= Chris Mack (scientist) =

American scientist

Chris Mack (born 1960) is an expert in photolithography. He received multiple undergraduate degrees from Rose-Hulman Institute of Technology in 1982, a master of science degree in electrical engineering from the University of Maryland, College Park in 1989, and a PhD in chemical engineering from The University of Texas in 1998.

He became acquainted with lithography while working at the Microelectronics Research Laboratory of the NSA. After an assignment to Sematech, he quit his job at the NSA and founded FINLE Technologies (1990) to commercialize PROLITH, the simulator he had developed to model optical and chemical aspects of photolithography. FINLE Technologies was purchased in February 2000 by KLA-Tencor, which now markets PROLITH.

In 2017, he cofounded Fractilia, Inc. to deliver MetroLER, a software product that models stochastic effects in the semiconductor manufacturing process. He currently serves as CTO of Fractilia.

He is currently an adjunct faculty member at The University of Texas at Austin.
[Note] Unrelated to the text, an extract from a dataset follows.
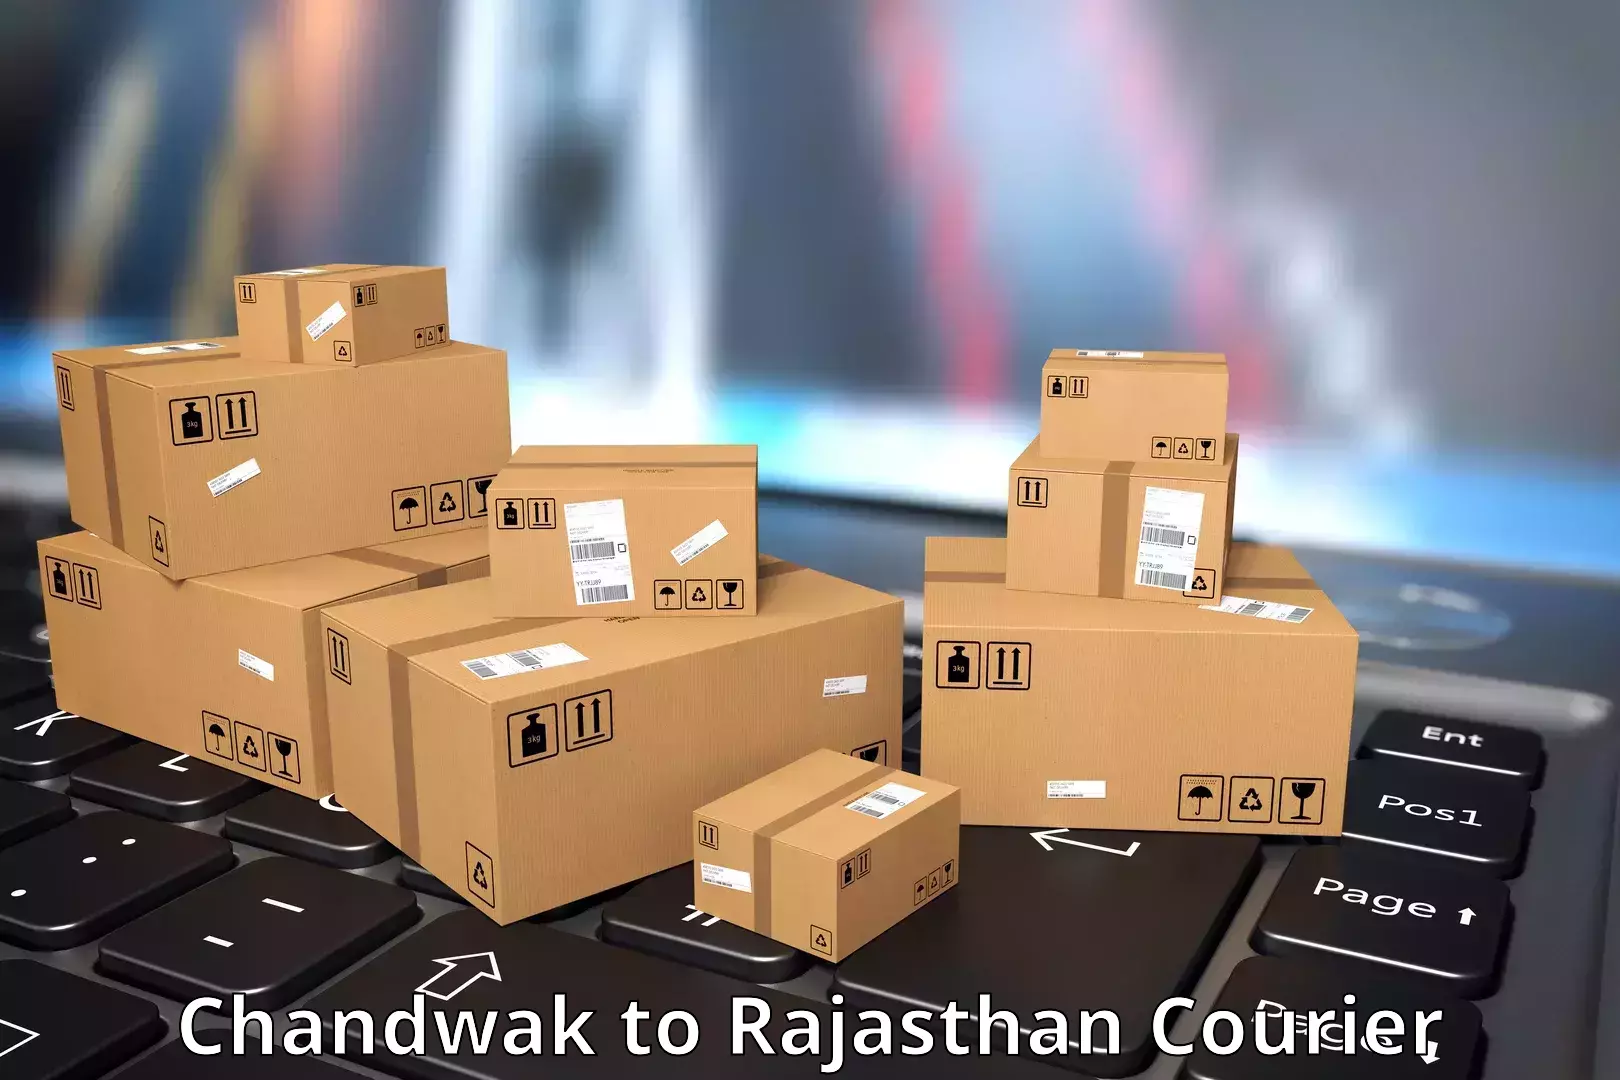 Courier service comparison in Chandwak to Gotan

He writes a quarterly column called the Lithography Expert.

In 2003 he received the Semiconductor Equipment and Materials International SEMI Award for North America. In 2005, he was the subject of the first annual Chris Mack Roast at the SPIE Microlithography conference. In 2009, Mack was awarded the Frits Zernike Award for Microlithography at the SPIE Advanced Lithography Symposium.